2007-09-27 Thread Stefan Dösinger
Am Donnerstag, 27. September 2007 13:02:31 schrieb Ivan Gyurdiev:
 Are you saying you intend to advertise 3.0 support on ARB only?
 If not, then why add any 3.0 features at all ?
No, I certainly do not intend to advertise 3.0 because we cannot implement 
things like branching, dsx/dsy or vertex textures, but I'll propably 
advertise 2.0 some day, if I feel like causing a lot of extensions(Or I think 
that our shader tests are good enough to safely do this).

The ARB shader backend tries to eat everything it is fed with though, even 3.0 
shaders. Some games require a specific shader model, but use only a subset of 
it that is supportable.
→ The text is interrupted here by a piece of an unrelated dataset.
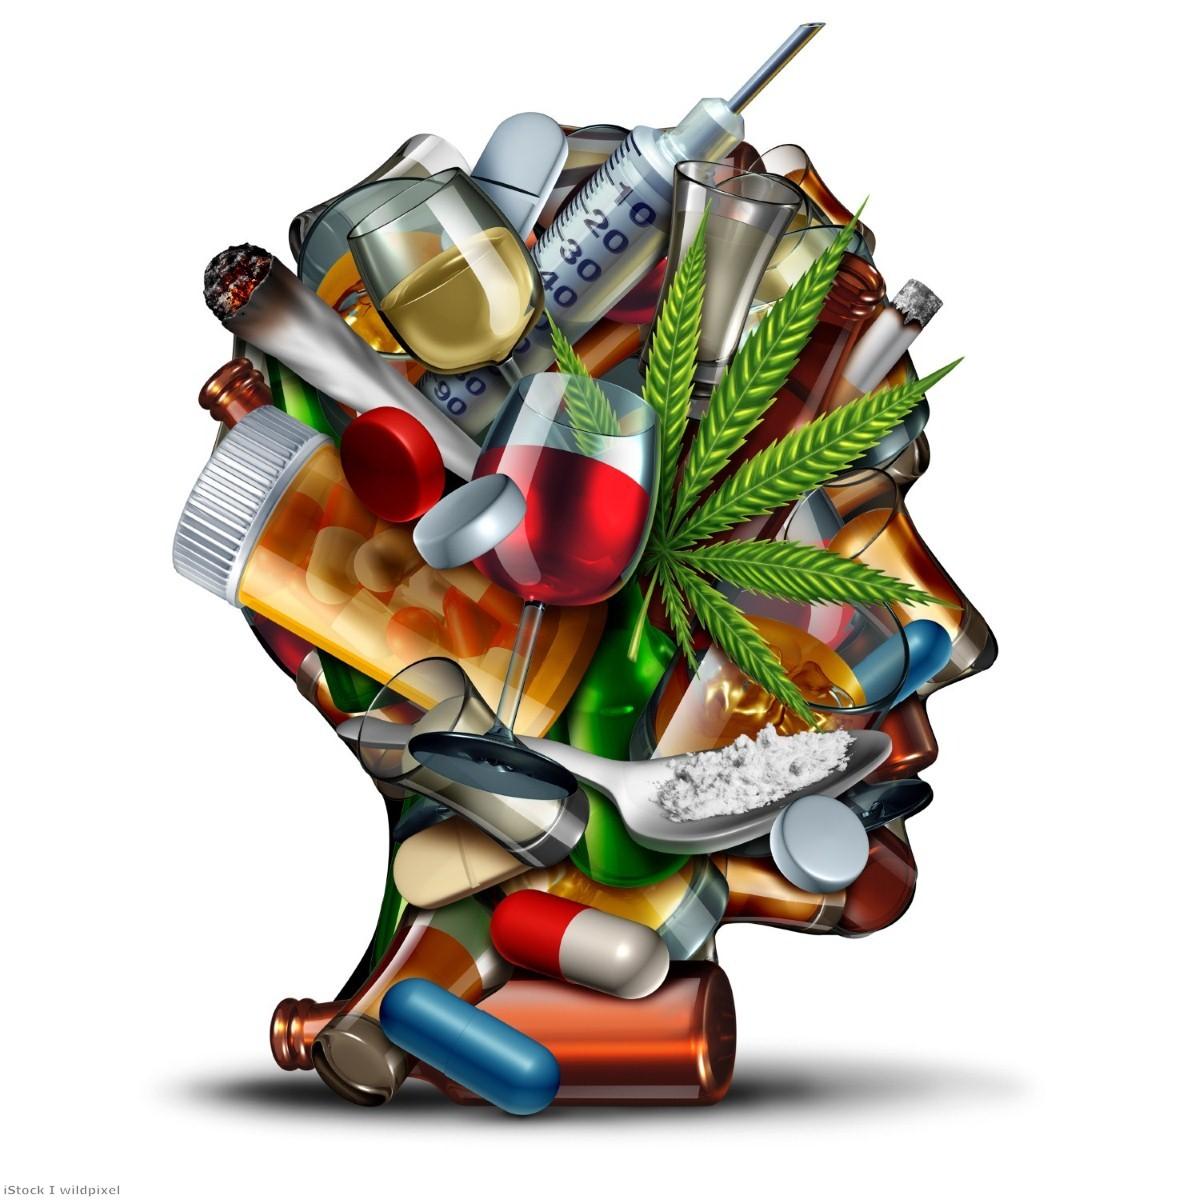 Drug war surrender? Political consensus is moving fast on reform

Having the code to support some 3.0 specials makes my 
life easier since I can just go and lie about the caps on macos for specific 
games(e.g. in crossover). I don't put special focus on SM 3.0 support, but if 
I come across something that is easy to add, I'm adding it. Also, some day we 
may implement the 3.0 features using the NV extensions.

Of course if it's preferred to keep the arb shader backend clean from version 
== 3.0 checks I can keep the things I have in my junk branch, as long as I 
don't have to explain why I'm not submitting $GAMEFIX to Wine. Pretending SM 
3.0 support is a hack, implementing the parts of 3.0 we can implement 
properly isn't IMHO.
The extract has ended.